Know Before You Speak


A few points for those of you who think this requires monitoring what the customer is doing.

1) Stop Being a SPAMer, or at least SPAMer friendly
2) Stop talking until you know what you’re talking about. It just amounts to fear mongering.
3) This does not require monitoring of customer activity.

Did you know if your vehicle does not meet certain safety requirements it is illegal to drive it on the roads? And if you do and get in an accident you can be held liable and negligent. Should be same for computers. If your computer is creating a “safety hazard” for others it should not be permitted on the information highway (internet).

Did you know it is illegal to ATTEMPT to burglarize or rob people. That is exactly what many of these bot net controlled systems are doing.

Did you know if you know of such illegal actions and you do nothing you may be an accomplice. ISP have ability to detect and wall off these bots with very low overhead (can easily be automated).
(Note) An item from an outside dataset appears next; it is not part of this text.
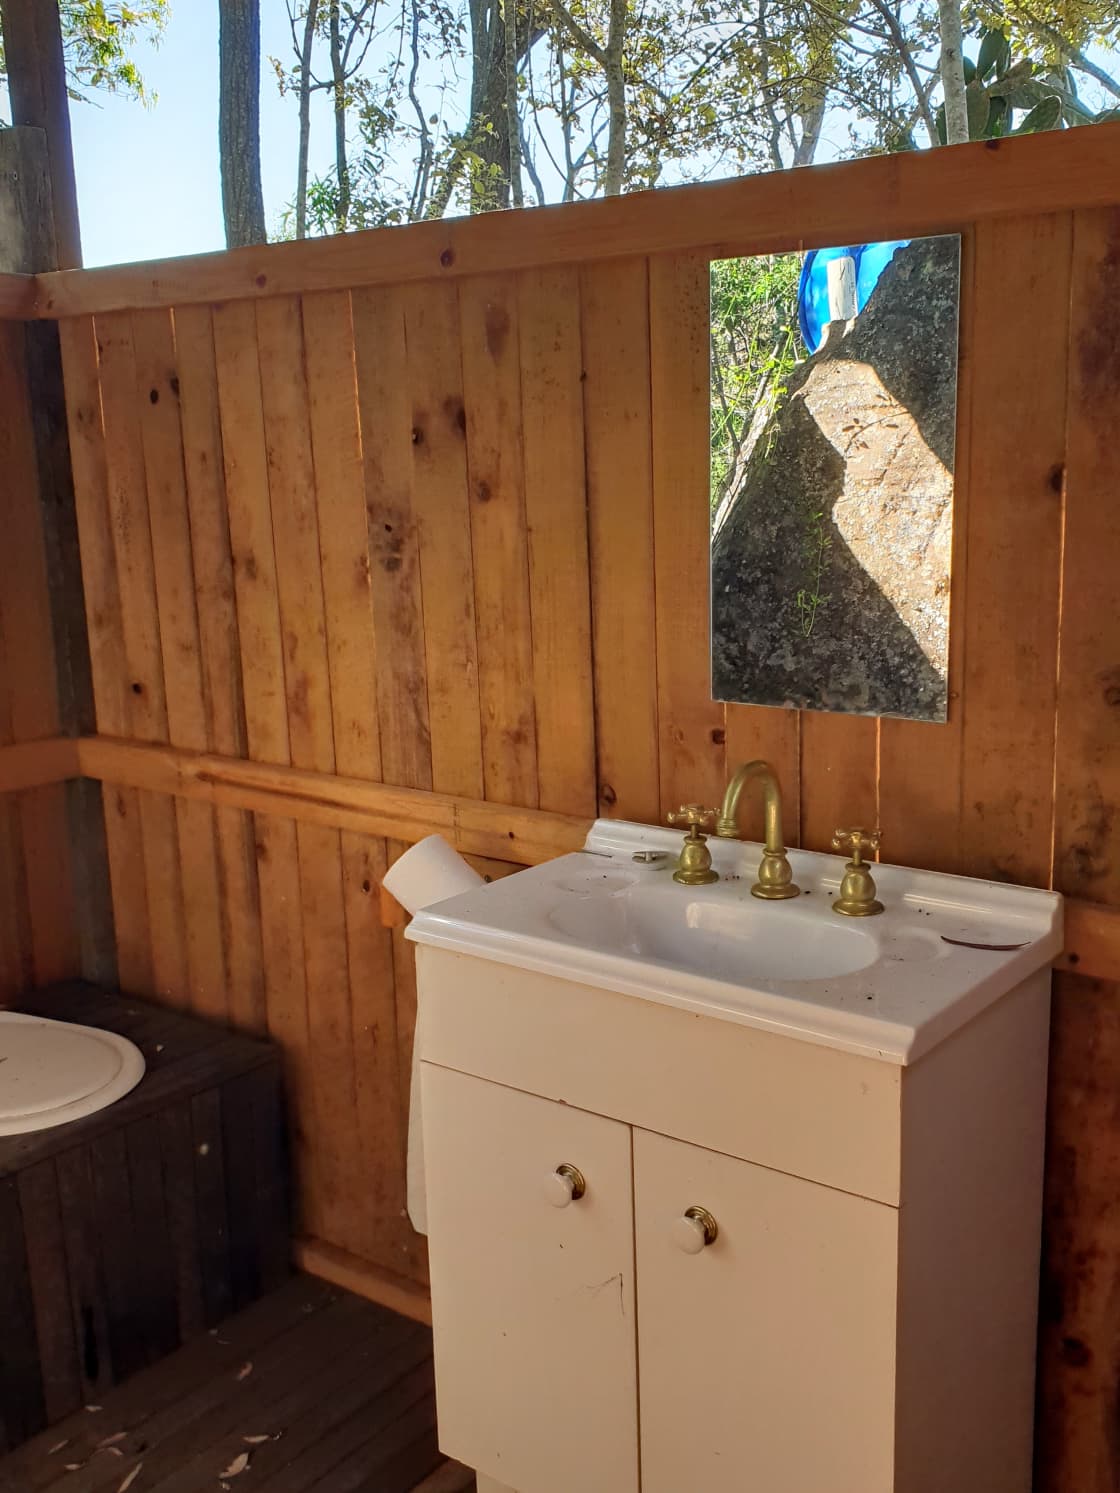 Bush bathroom

And since they know they exist, and in fairly significant quantities, not doing so amounts to being an accomplice to an attempted crime.
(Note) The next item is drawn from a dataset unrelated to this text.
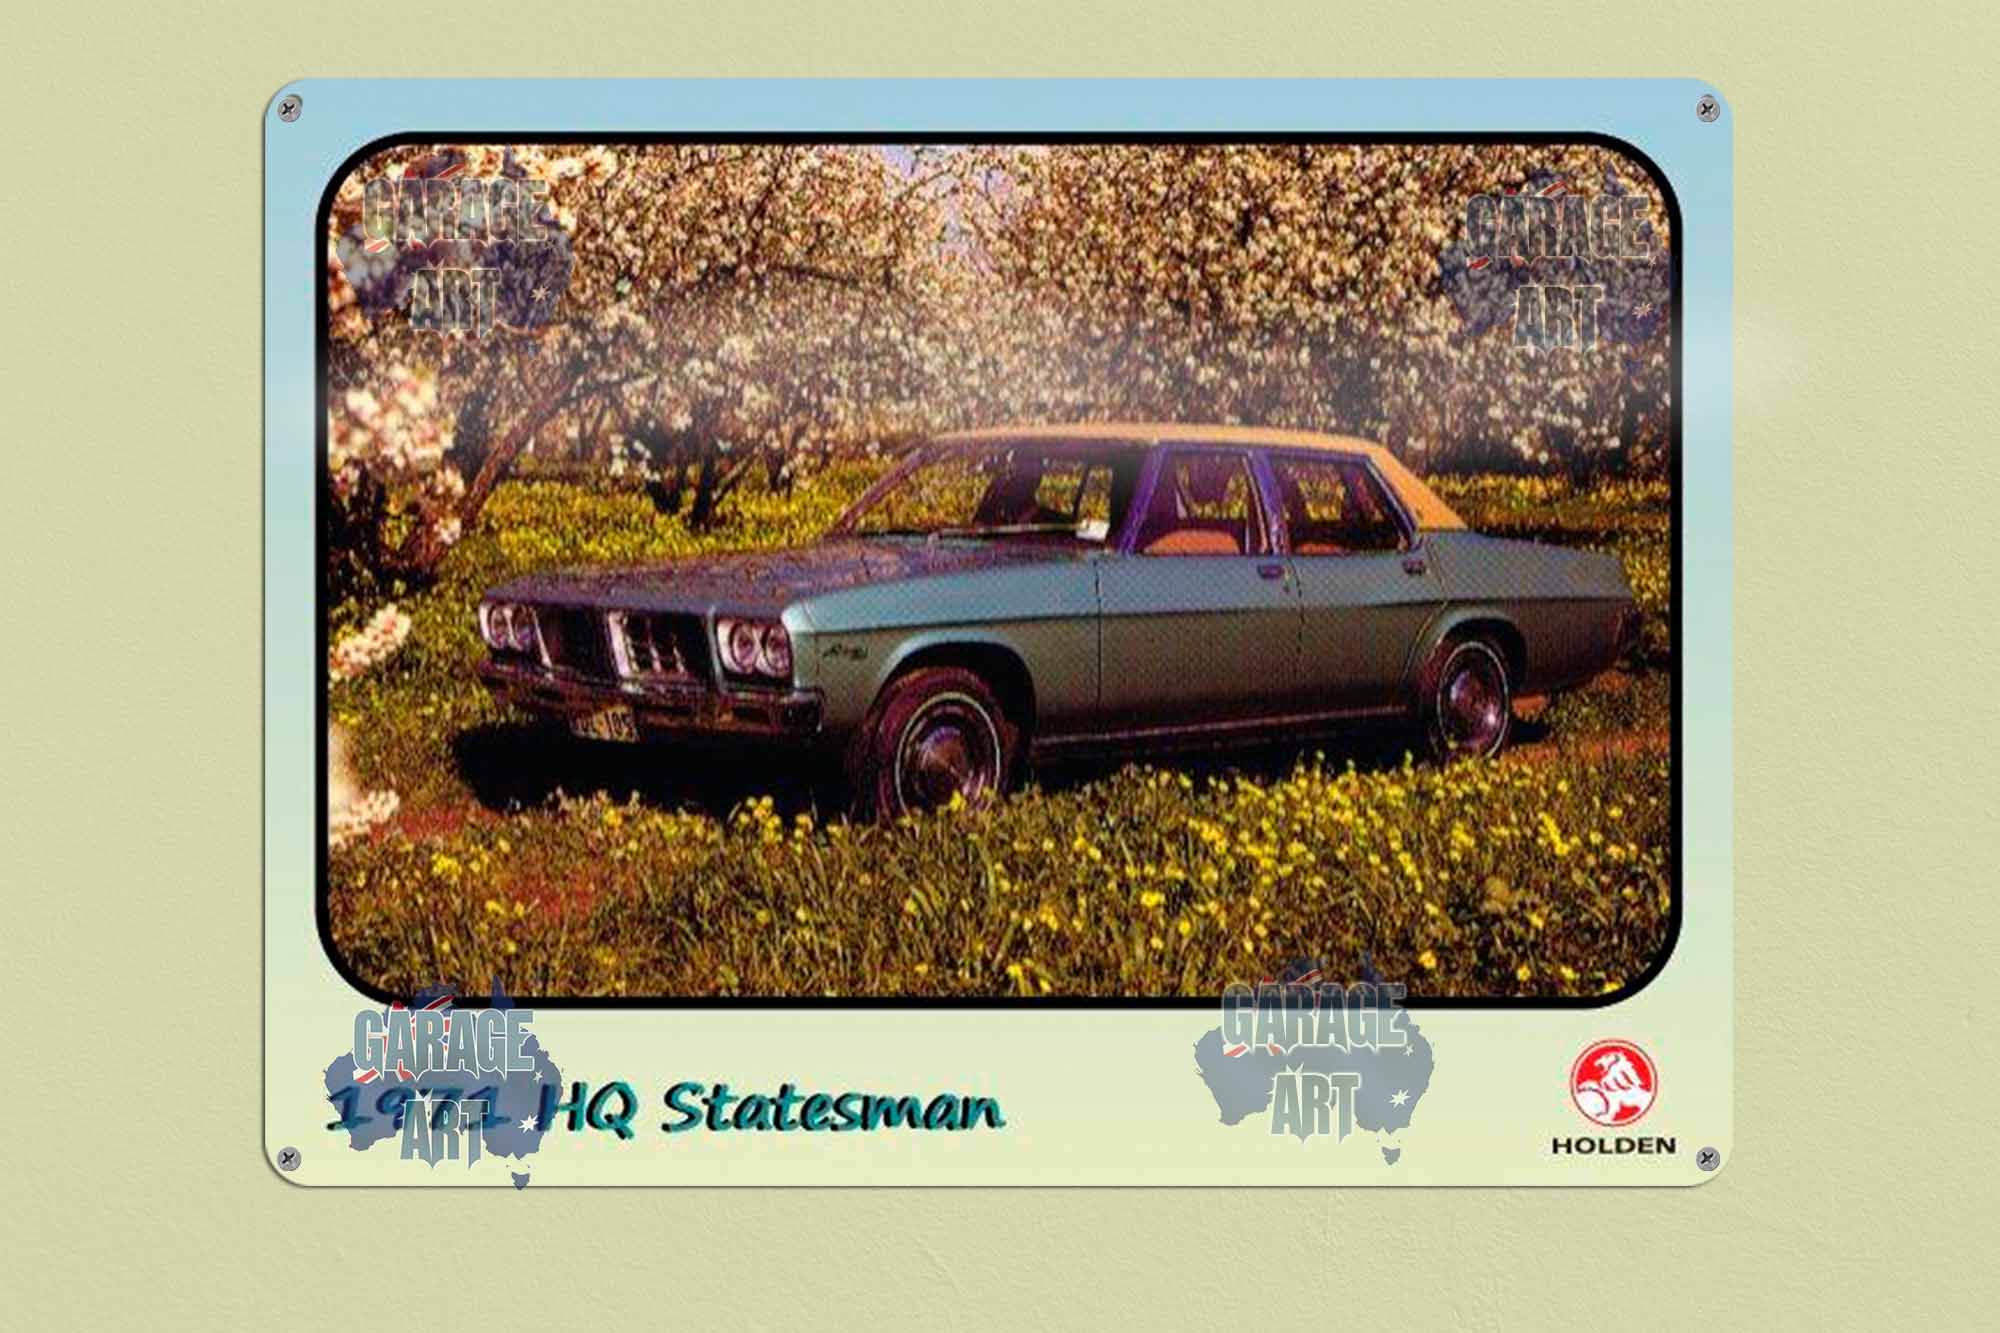 1971 HQ Statesman Tin Sign freeshipping - garageartaustralia

If they (ISP) knowingly permit use of their private network for illegal activity and do not take reasonable action to prohibit such activity they can and should be held liable as an accomplice (it is their private network under their direct control and responsibility).

It is very easy to detect these infected systems, and without infringing on the privacy of customers. Just look at your own NAT/Router/Gateway log. You can see and detect them very easily. All an ISP has to do is set up a few “dummy” systems to log such attempted accesses and use an algorithm to weed out the ordinary inadvertent access attempts from the bots.

I am sure there are even more effective means, but this is just to illustrate the point that 'spying' on the customer is not required. Those such arguments are probably put forth by SPAMers and/or BOT NET operators engaging in fear mongering to protect their illegal operations.

I for one would like to see the rest of the ISP's follow suite. Especially the big cable and telecom operators. You know who you are Comcast and Verizon. How about it, can you match the challenge?

Unreasonable
join:2007-10-15
Portland, OR

Unreasonable

Member

Re: Know Before You Speak

My only reservation is that these are the same people who when I called in to advise them that a workman with a trencher had severed their cable, advised me to reboot my pc.

Simply put, I deeply mistrust the technical abilities of any isp, and I don't want my service impacted because some junior tech somewhere thinks that he knows normal activity from my network better than I do.

It's a good idea in theory, but I suspect that it will fail miserably due to poor execution.